NREL is applying this forecasting tool to help the Hawaiian Electric Companies (HECO) understand its options by validating several voltage regulation strategies, making specific use of advanced inverters with voltage support functions, and their integration with controllable end-use devices. This work has included an aggregation study and research into how smart-load shifting can enable higher penetrations of PV.

Solar Firming

Clouds passing overhead often create major fluctuations in energy production from PV arrays. To moderate this variability—an effect called "solar firming"—NREL developed a module for foresee to use the connected home appliances and battery to consume any excess energy behind the meter, rather than exporting it to the power system. foresee's performance during this kind of event is shown in the figure below, where foresee reduced power variability and eliminate energy export from the home. This type of solution is expected to enable greater amounts of distributed energy resources on the grid, and improved reliability.

A blue and white chart showing the performance of foresee during a solar-firming event.

Laboratory data showing a home with rooftop solar generation. During the central time period, foresee was triggered to reduce power variability and eliminate energy export from the home.

Commercialization and Partnership Opportunities

The foresee software is available for licensing. NREL researchers are interested in partnering with companies that are ready to take foresee to market. Next steps include conducting field experiments/pilots to:

  1. Further develop the machine-learning methods using data from diverse real buildings and occupants
  2. Prove that the measured energy savings, grid services, and other benefits are achieved in real buildings.

Featured Publications

foresee: A User-Centric Home Energy Management System for Energy Efficiency and Demand Response, Applied Energy (2017)
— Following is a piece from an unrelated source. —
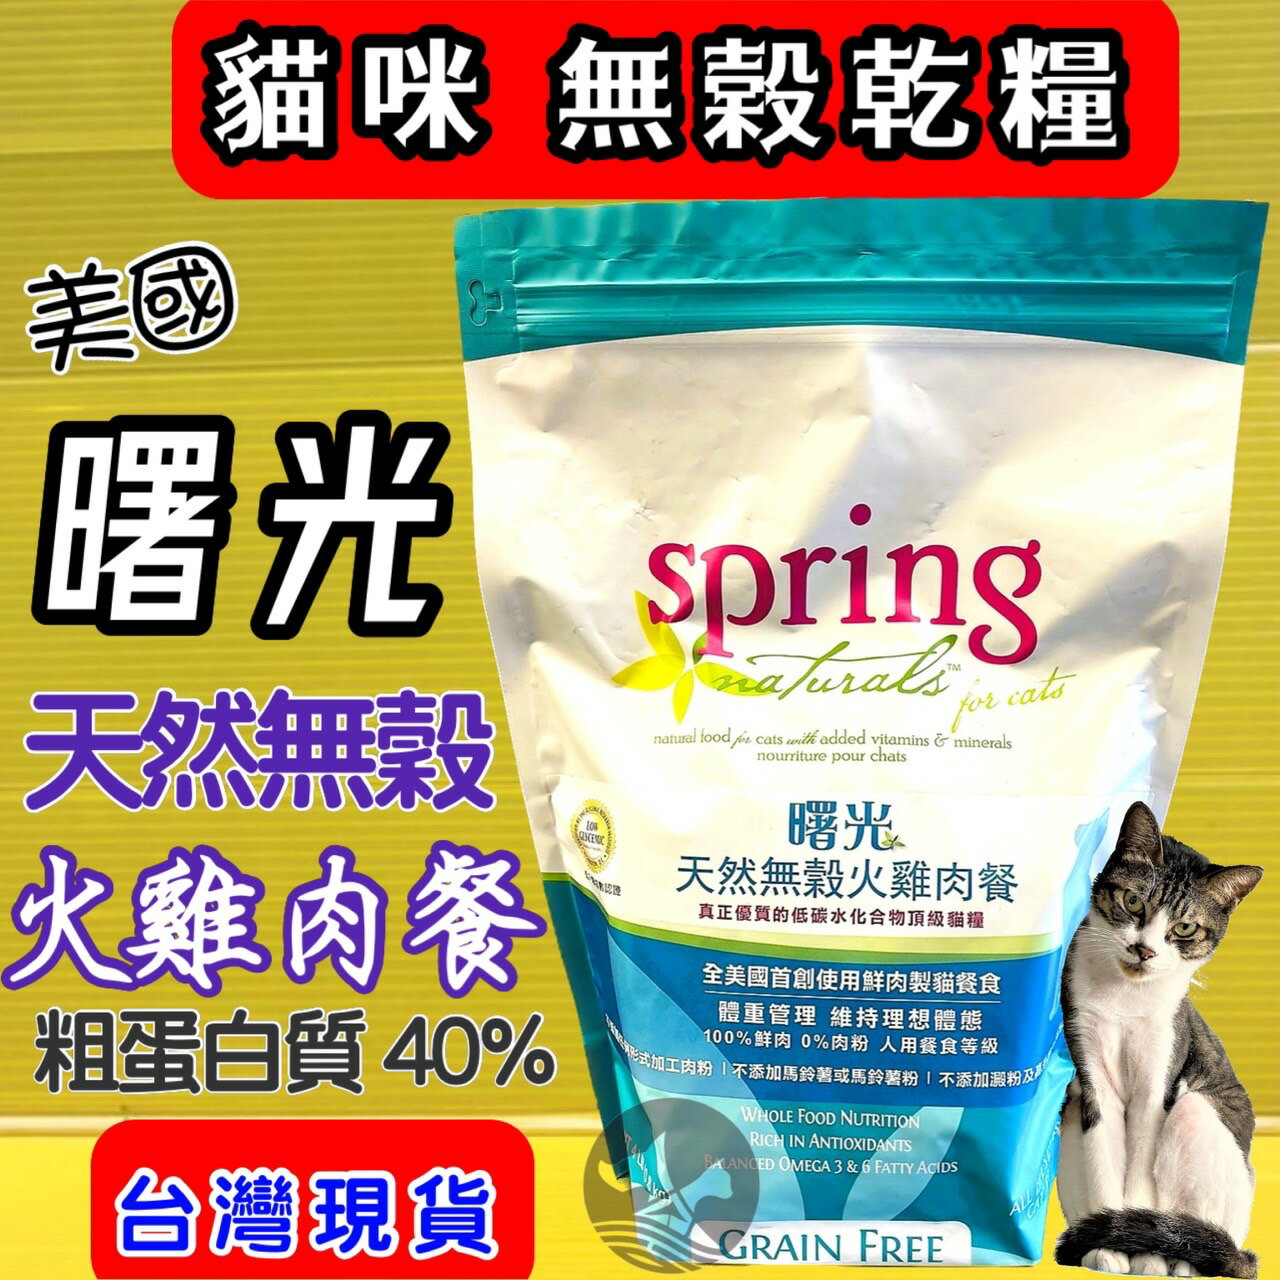 ✪四寶的店n✪無穀 火雞肉 貓糧 10磅 美國 曙光 spring 全美國唯一100%鮮肉製貓糧 90%動物性蛋白質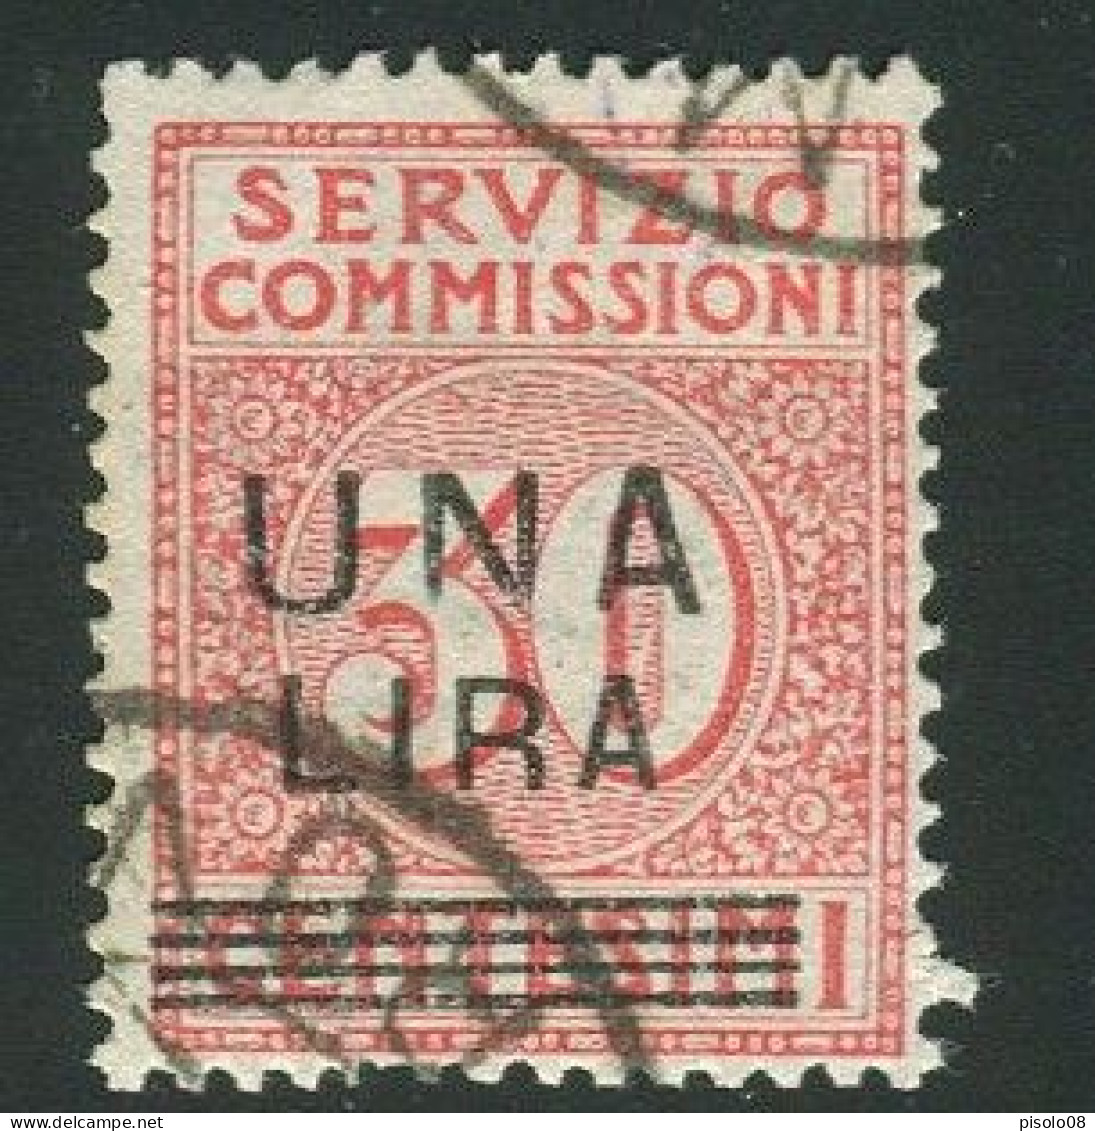 REGNO 1925 SERVIZIO COMMISSIONI 1 L. 30 C.USATA - Taxe

Stochastic Model Predictive Control for Demand Response in a Home Energy Management System, IEEE Power and Energy Society General Meeting (2018)

Control of Energy Storage in Home Energy Management Systems: Non-Simultaneous Charging and Discharging Guarantees, IEEE (2019)

User-Preference-Driven Model Predictive Control of Residential Building Loads and Battery Storage for Demand Response, American Control Conference (2017)

Modeling Stationary Lithium-ion Batteries for Optimization and Predictive Control, IEEE Power and Energy Conference (2017)

An Application of the Analytic Hierarchy Process for Prioritizing User Preferences in the Design of a Home Energy Management System, Sustainable Energy, Grids and Networks (2018)

Partners and Sponsors

NREL developed this technology in collaboration with Bosch, ESCRYPT, Colorado State University, and University of Colorado researchers with funding from the Bonneville Power Administration and U.S. Department of Energy Office of Energy Efficiency and Renewable Energy Building Technologies Office.